== Available data ==
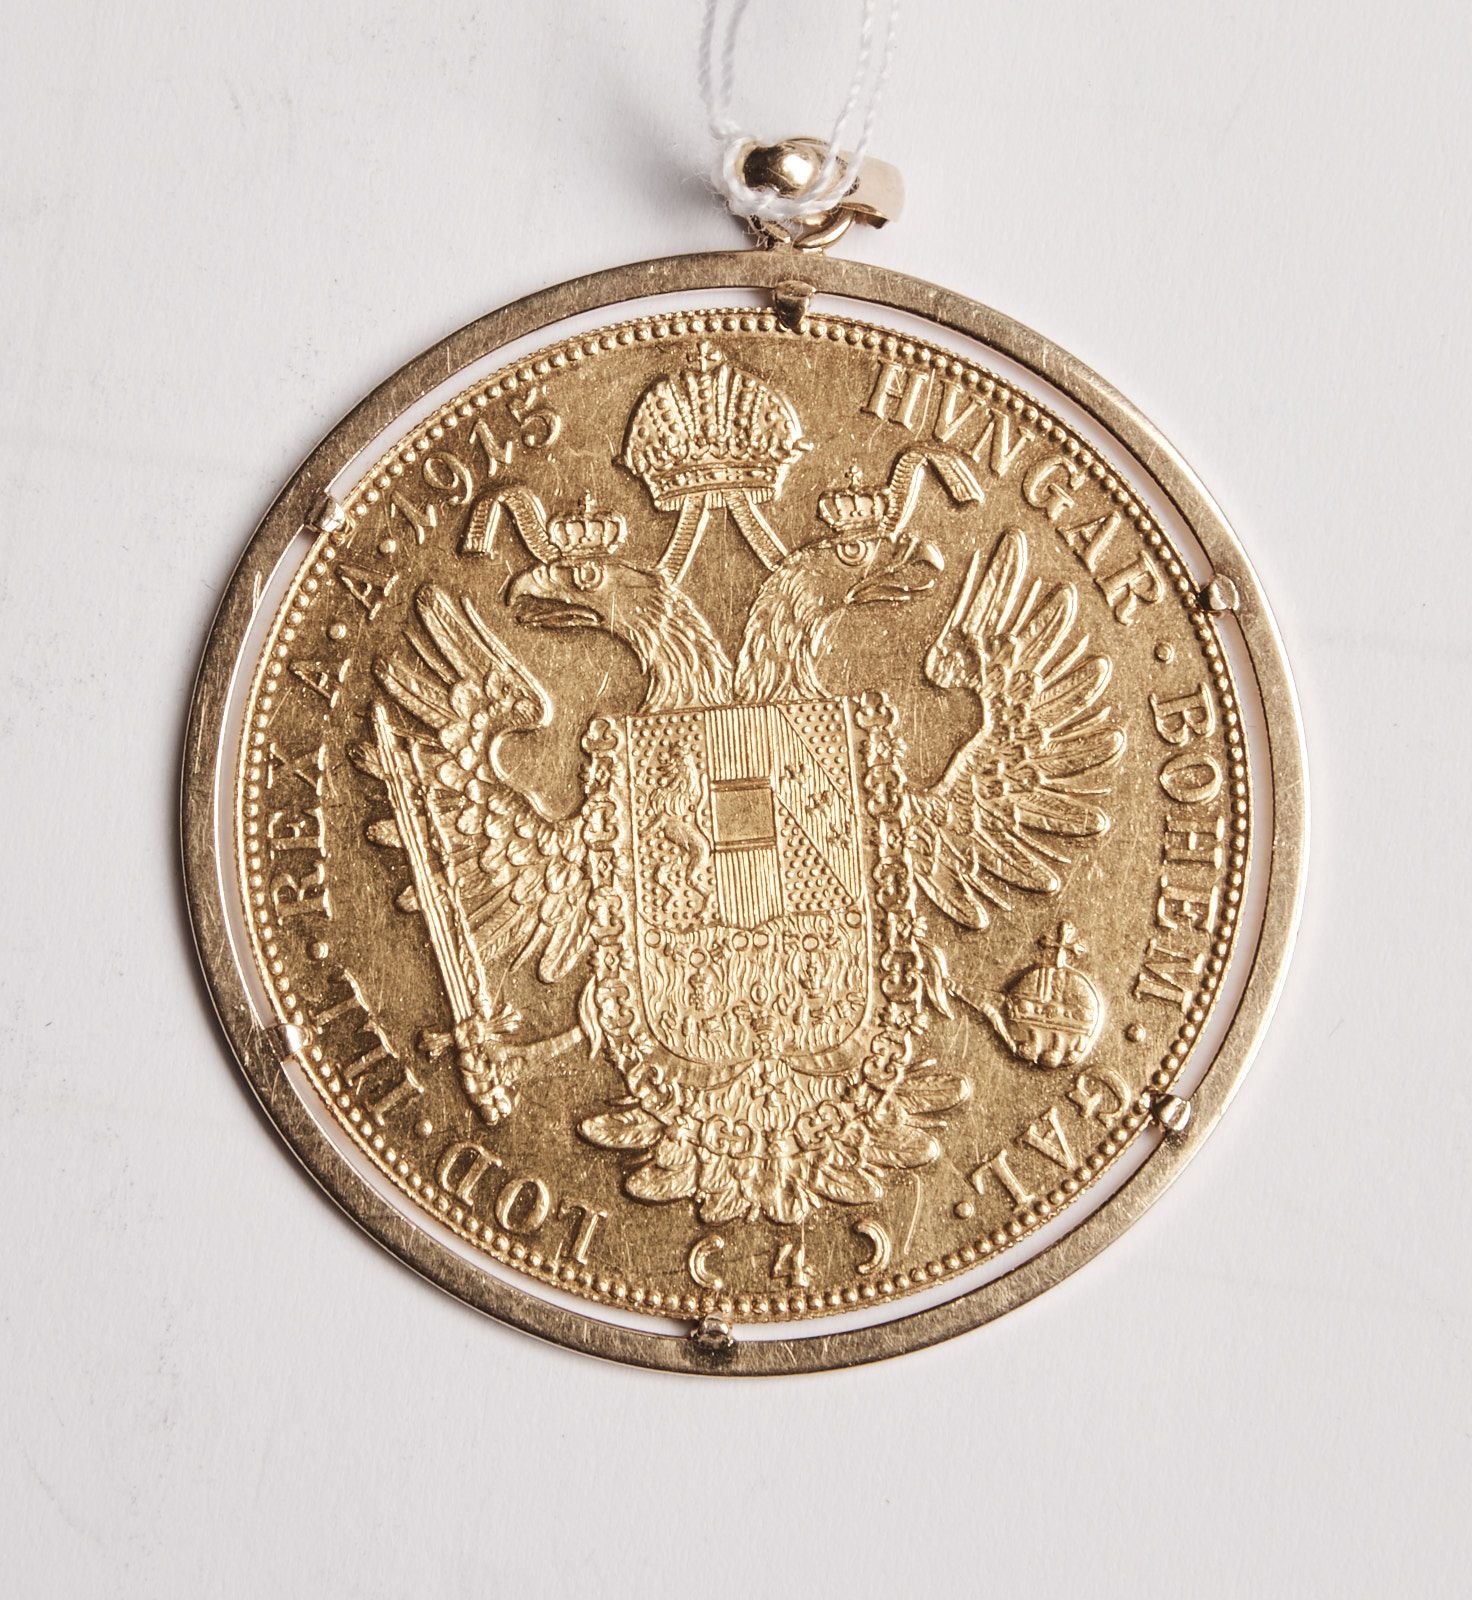 Null 40 4-Dukaten-Münze 1915, Gold montiert, Gewicht 17,2 g
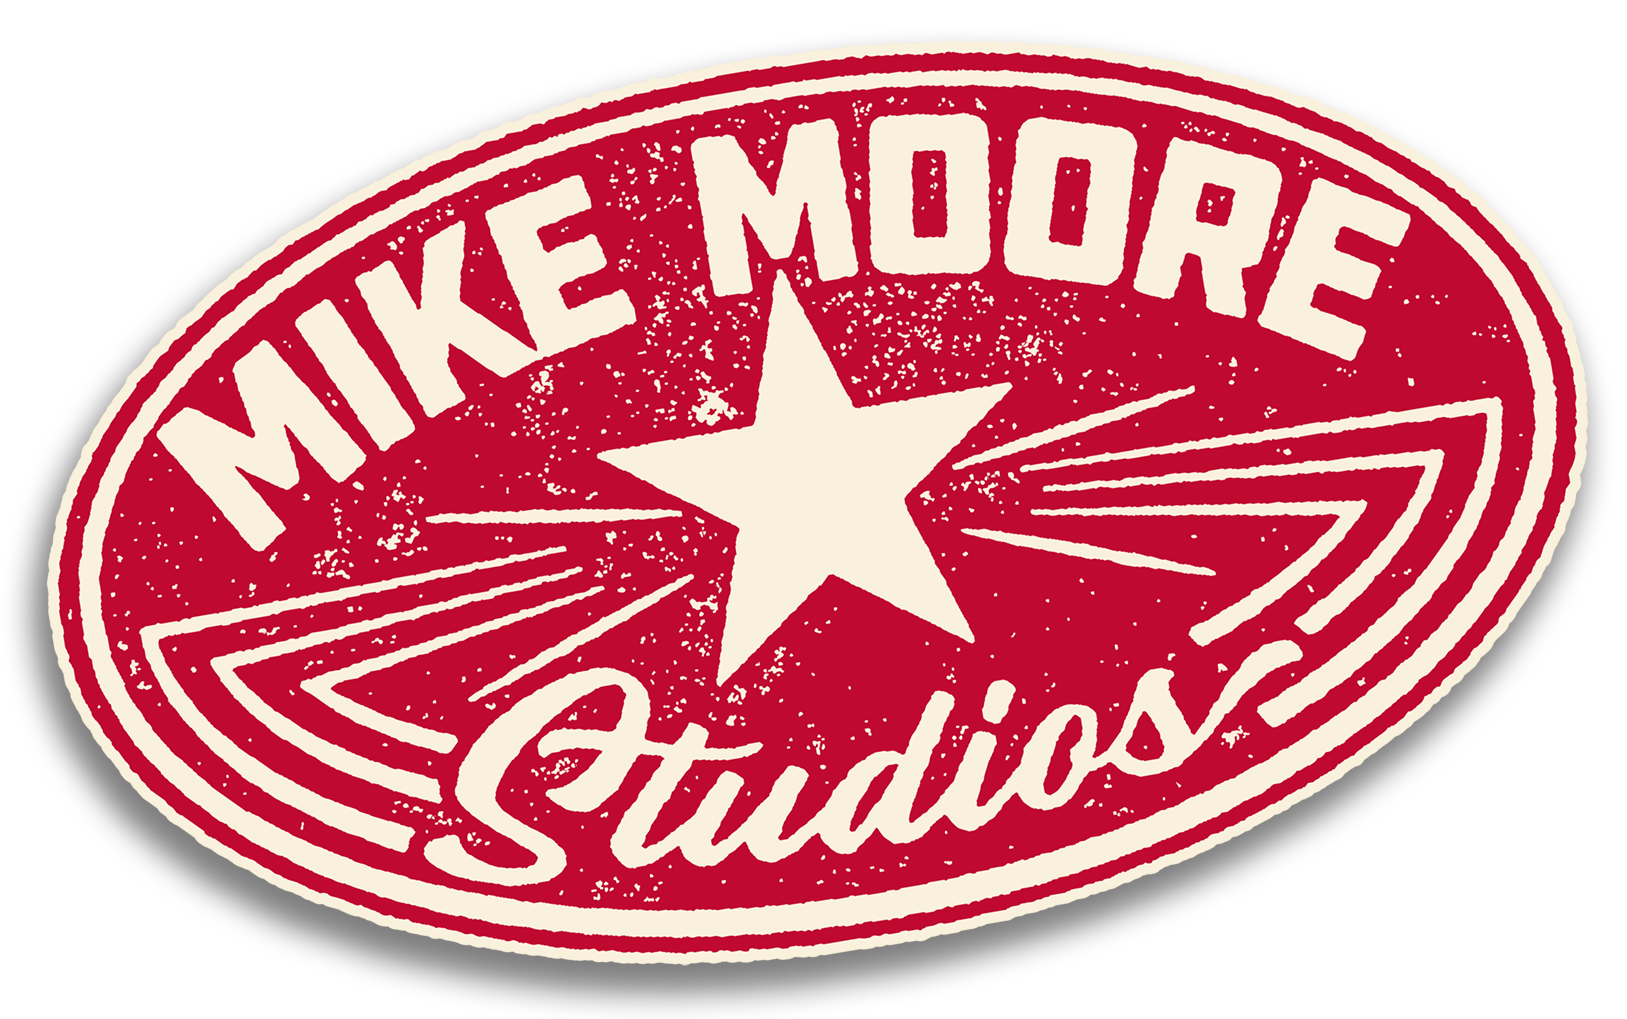 Mike Moore Studios
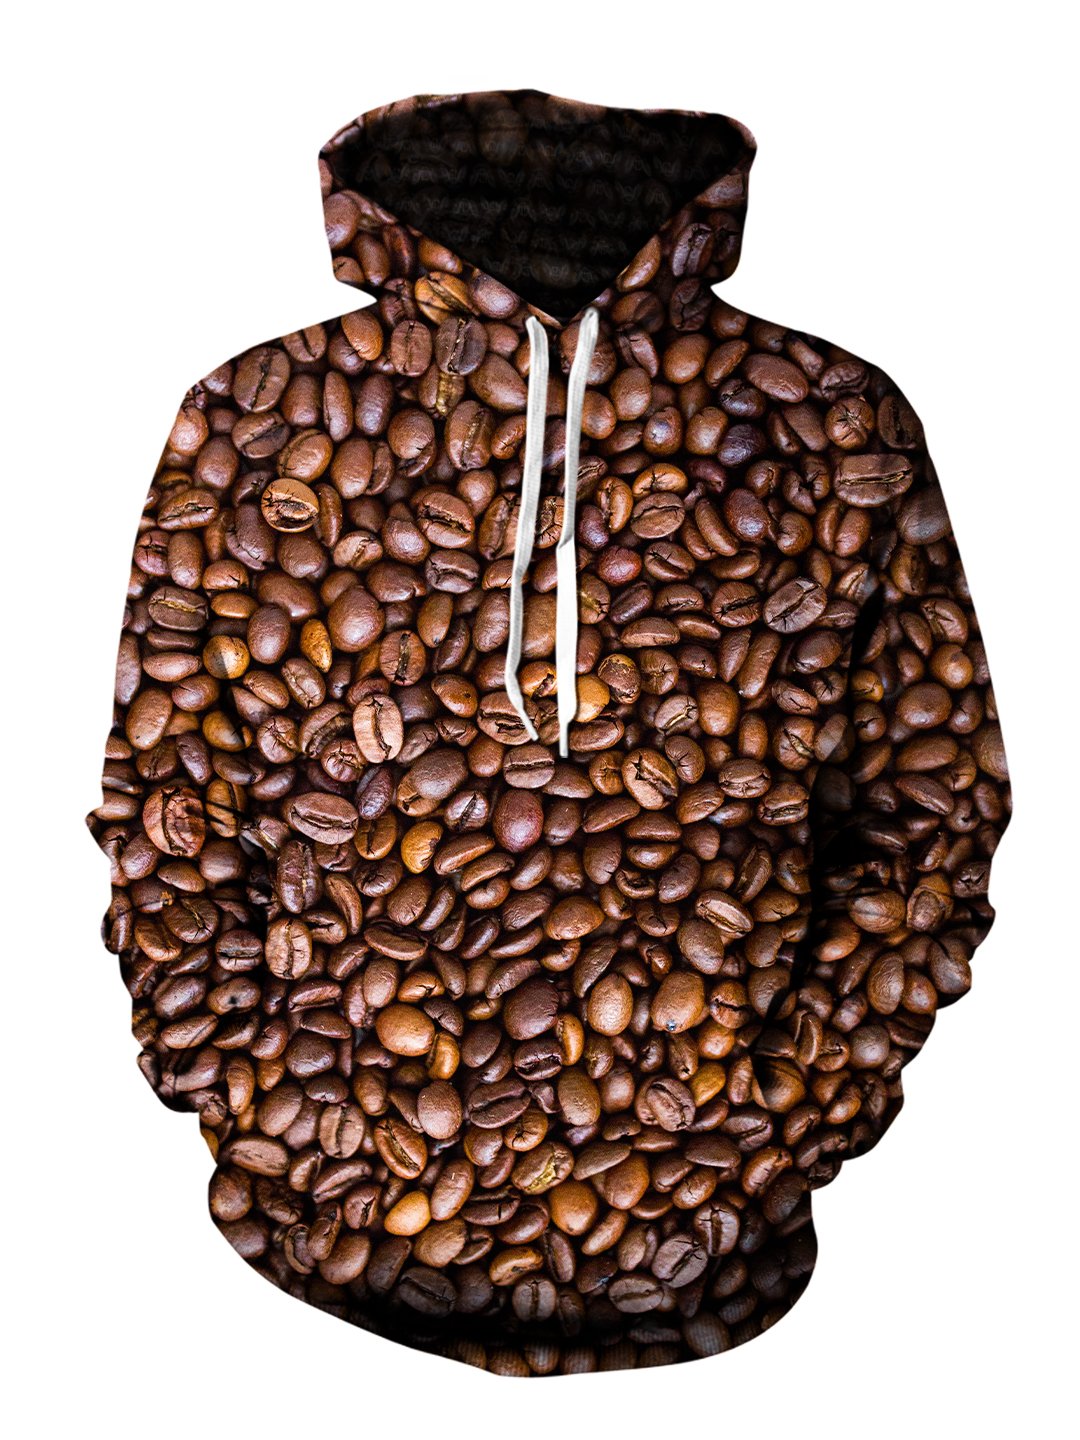 Men's brown & black coffee bean pullover hoodie front view.
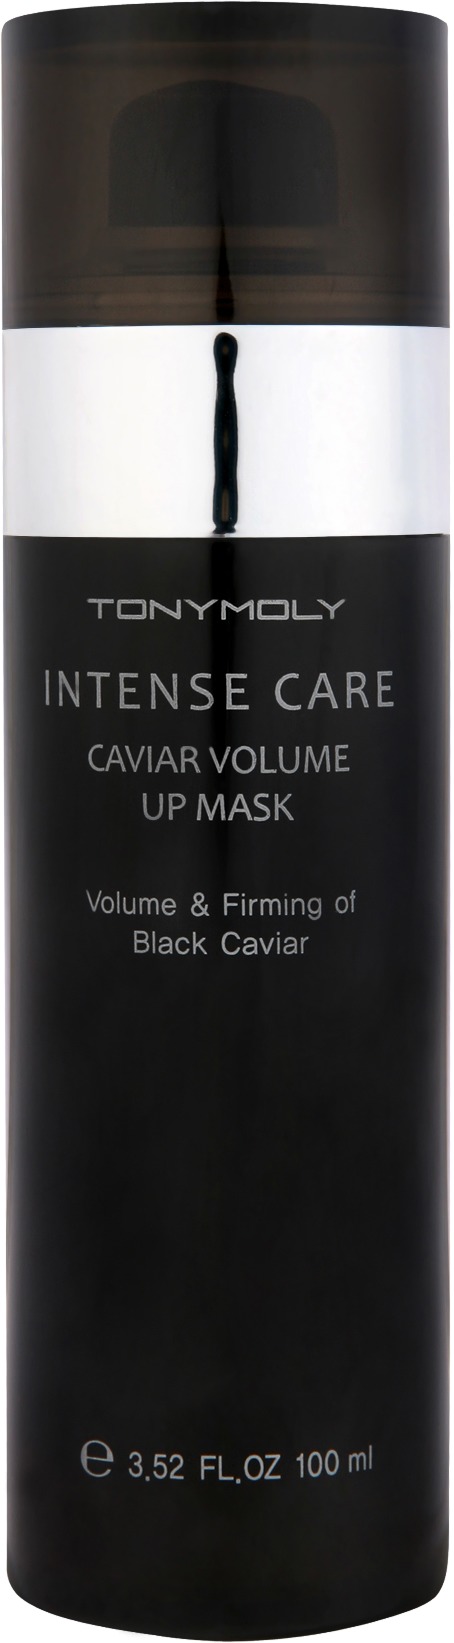 Tony Moly Intense Care Caviar Volume Up Mask

== Exercise requirements ==
Reproduce, word for word, everything in the listing above except the pictures.

== Response area ==
 Null 40 4-Dukaten-Münze 1915, Gold montiert, Gewicht 17,2 g
 Mike Moore Studios
 Men's brown & black coffee bean pullover hoodie front view.
 Tony Moly Intense Care Caviar Volume Up Mask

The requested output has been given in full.